ABOUT THIS EXERCISE -> An exact copy of the lines of the listing below between the "St Beuno's Church, Clynnog" line and the "Trustmade Standard Size" line, both included, is the whole answer; please omit the pictures.

EXERCISE DATA ->
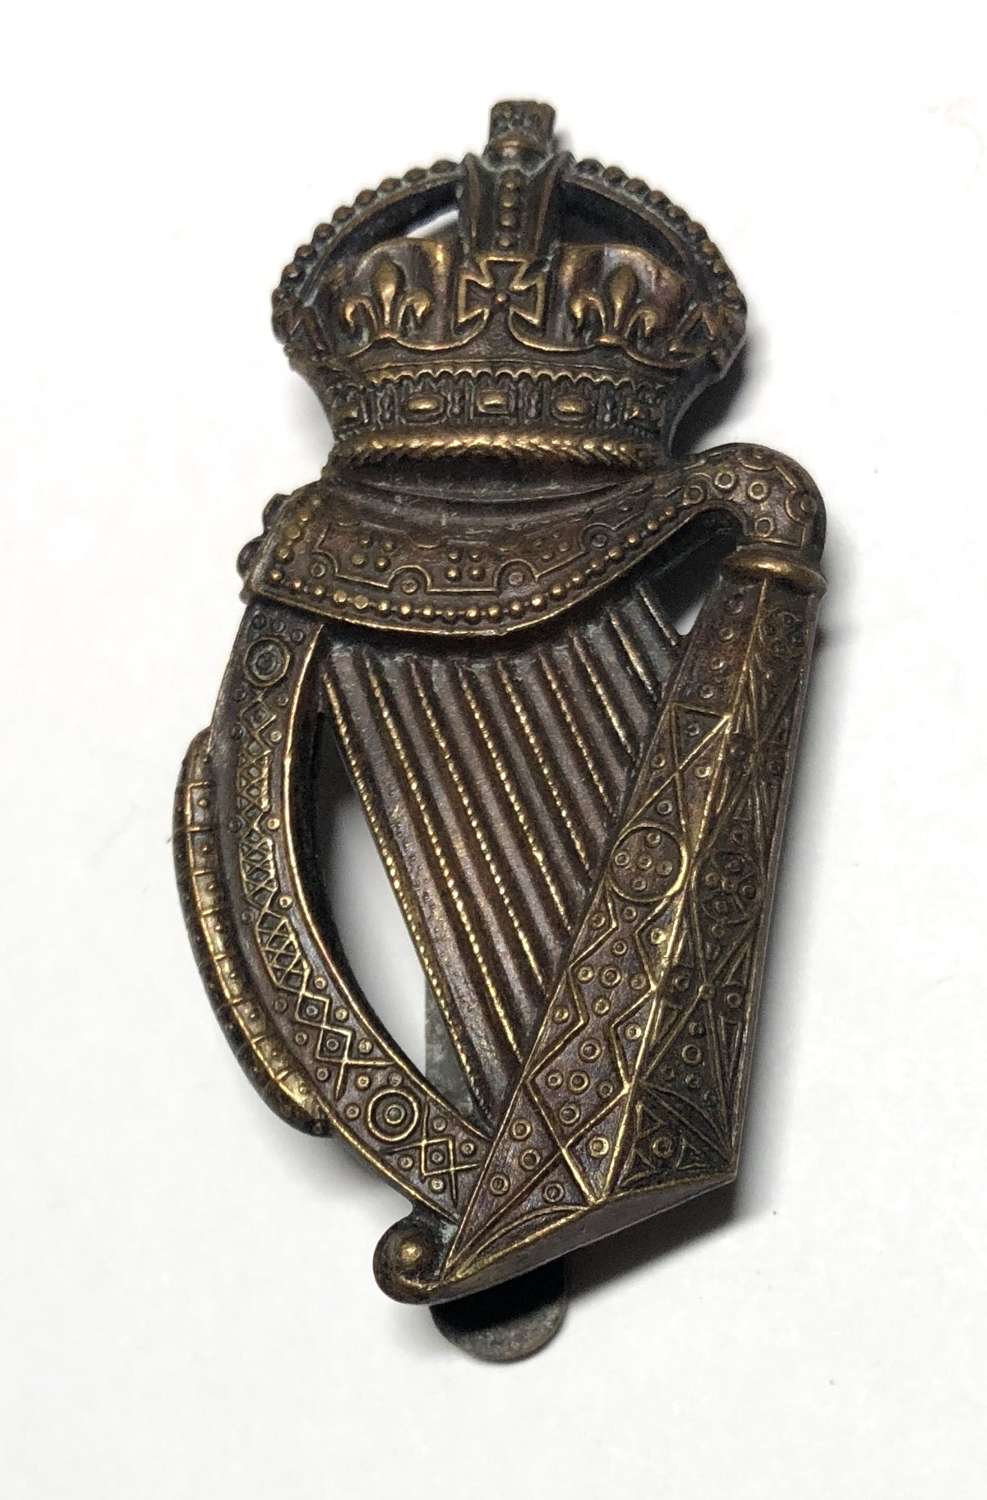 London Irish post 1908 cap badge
* * *
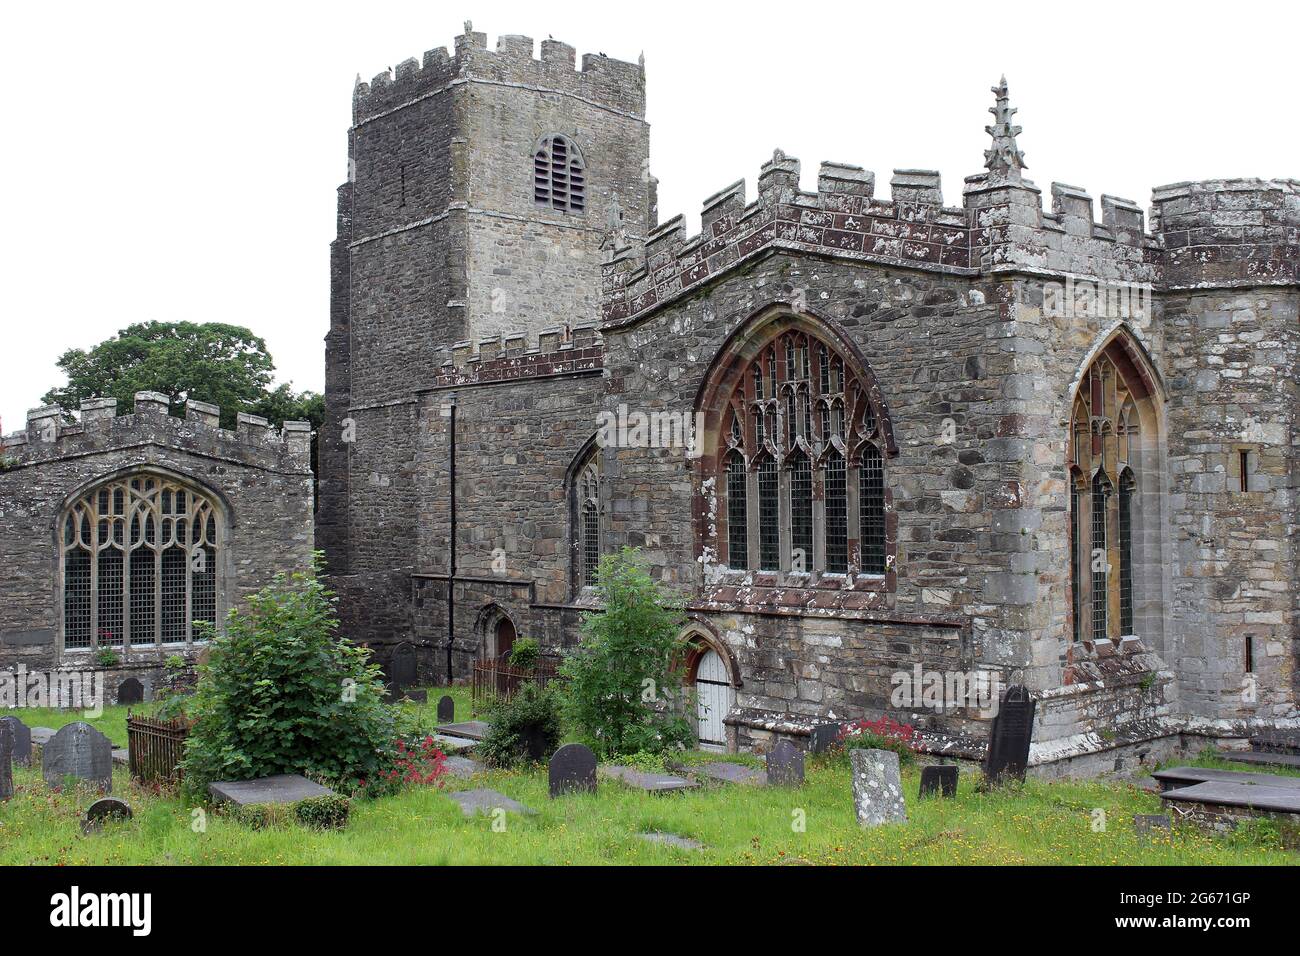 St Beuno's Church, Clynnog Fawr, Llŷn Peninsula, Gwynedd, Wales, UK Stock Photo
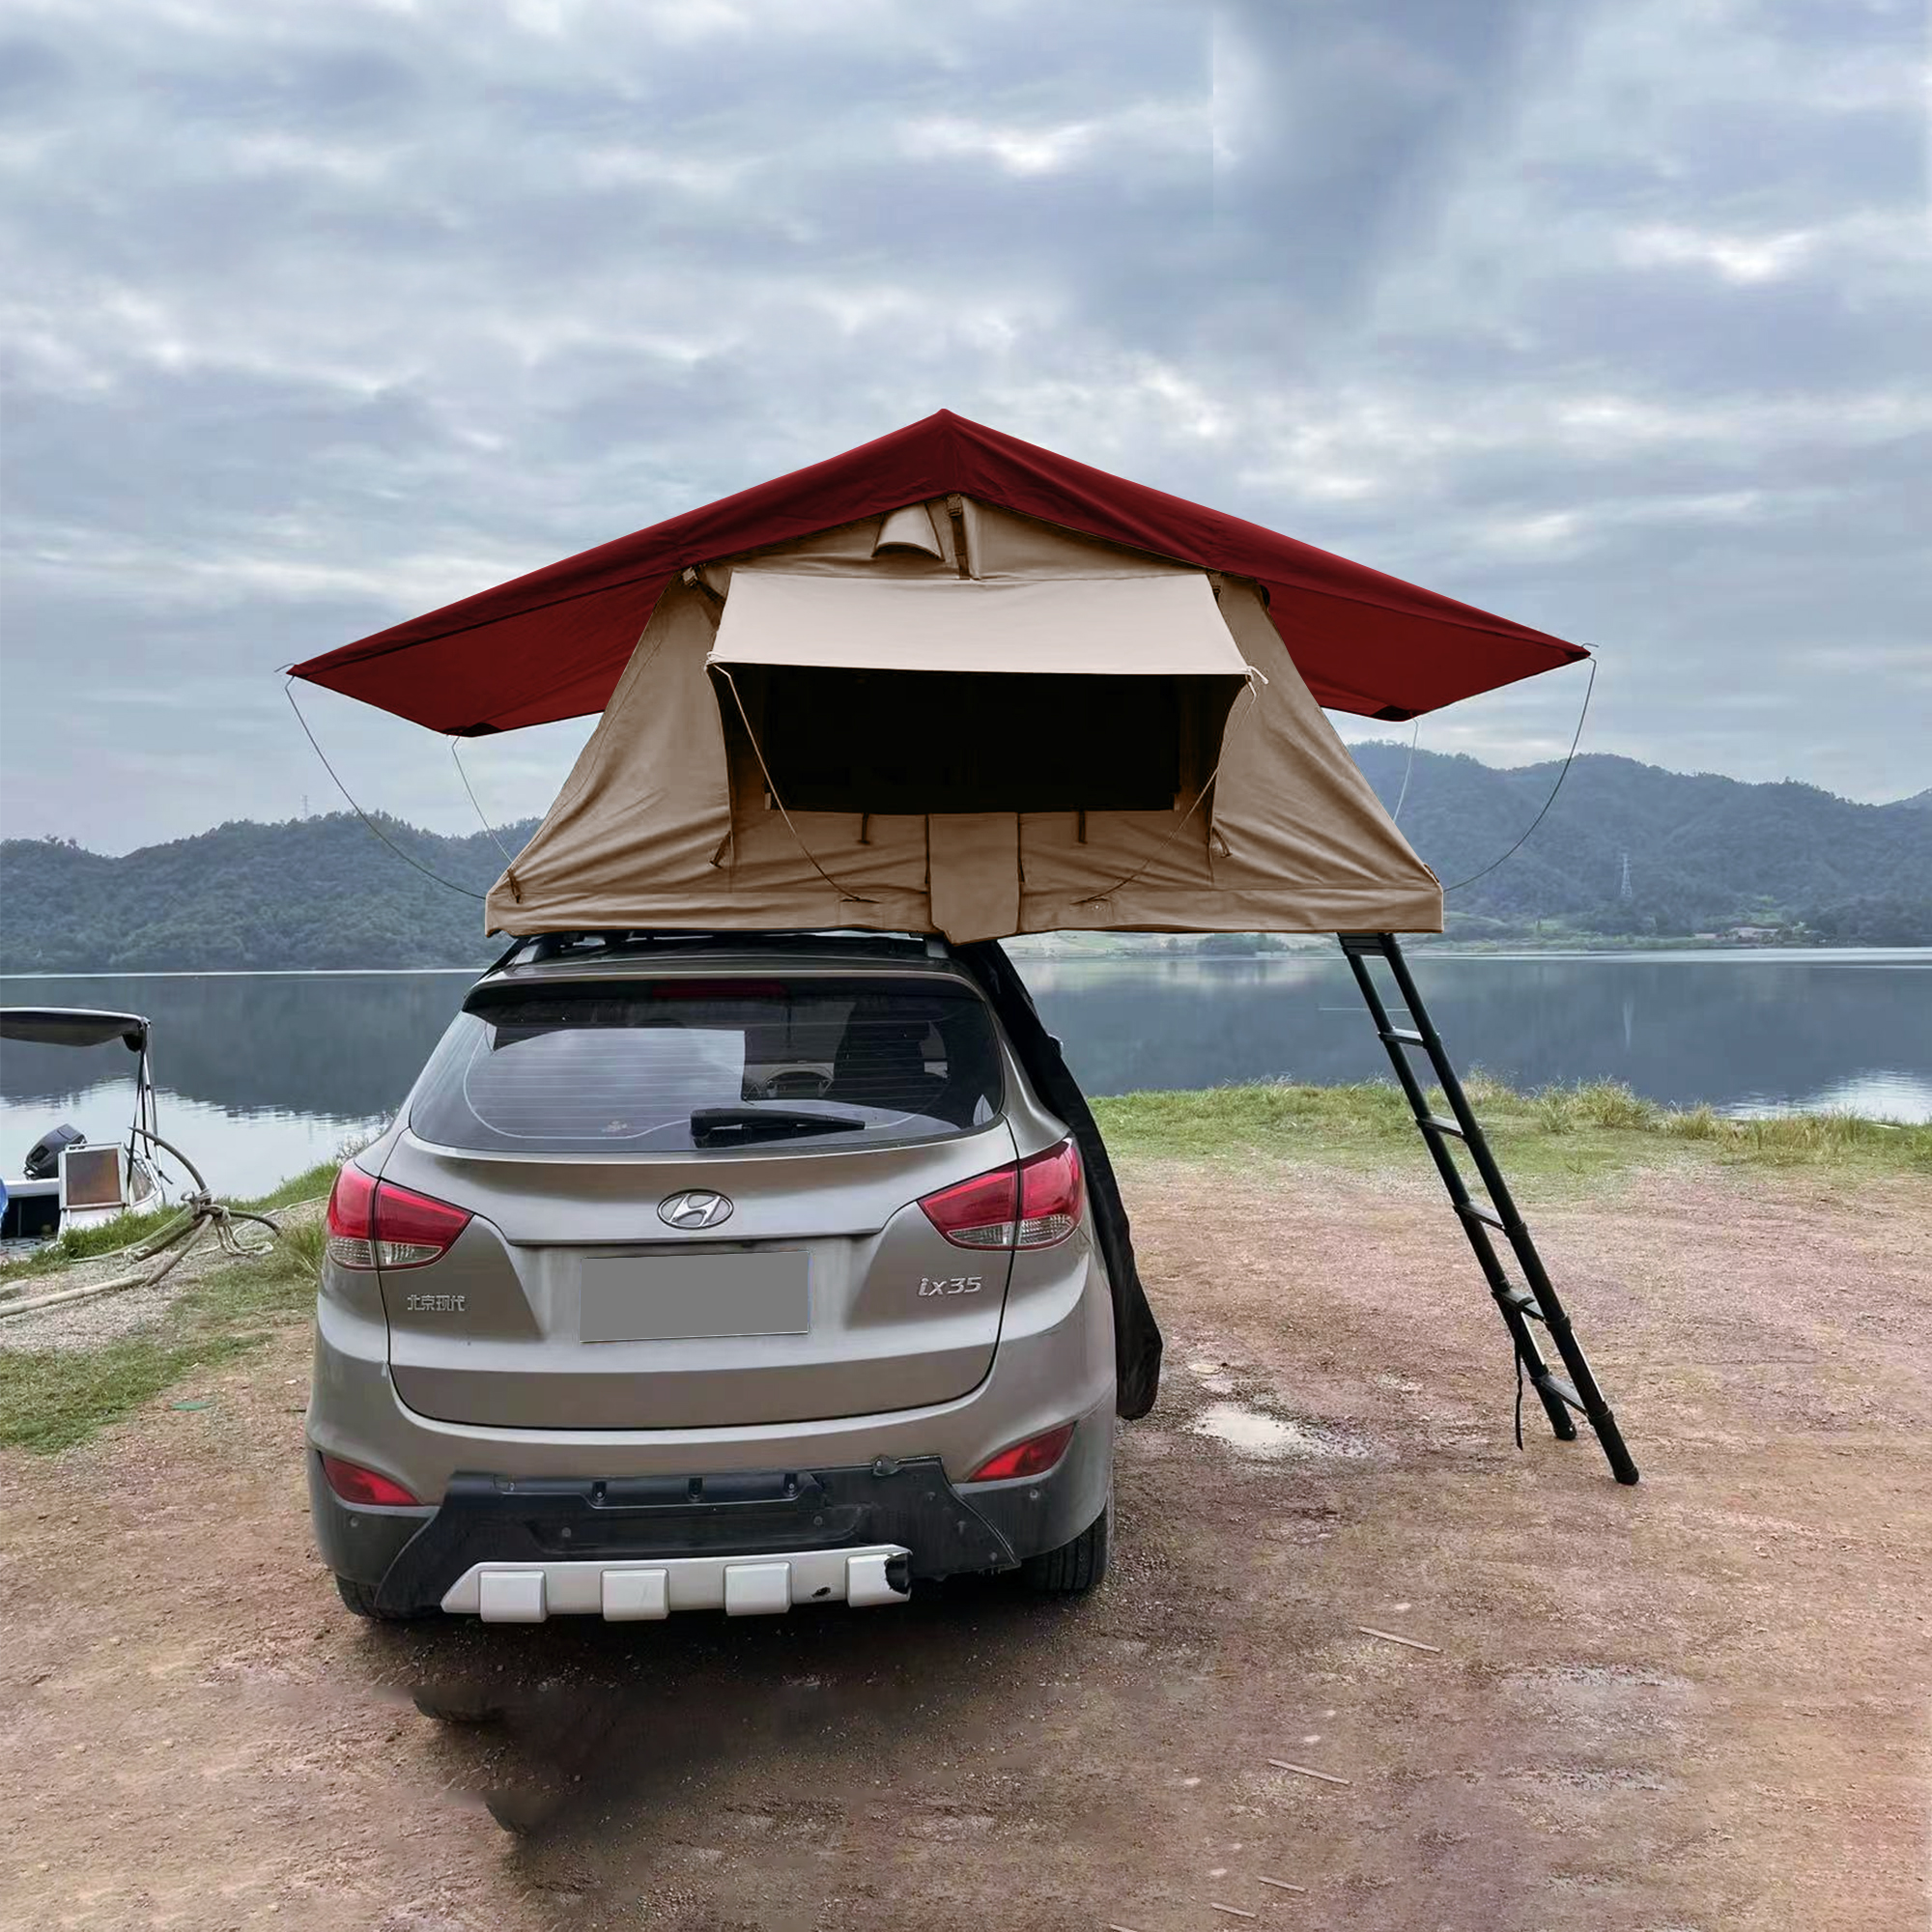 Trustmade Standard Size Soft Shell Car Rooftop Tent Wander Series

EXERCISE RESPONSE ->
 St Beuno's Church, Clynnog Fawr, Llŷn Peninsula, Gwynedd, Wales, UK Stock Photo
 Trustmade Standard Size Soft Shell Car Rooftop Tent Wander Series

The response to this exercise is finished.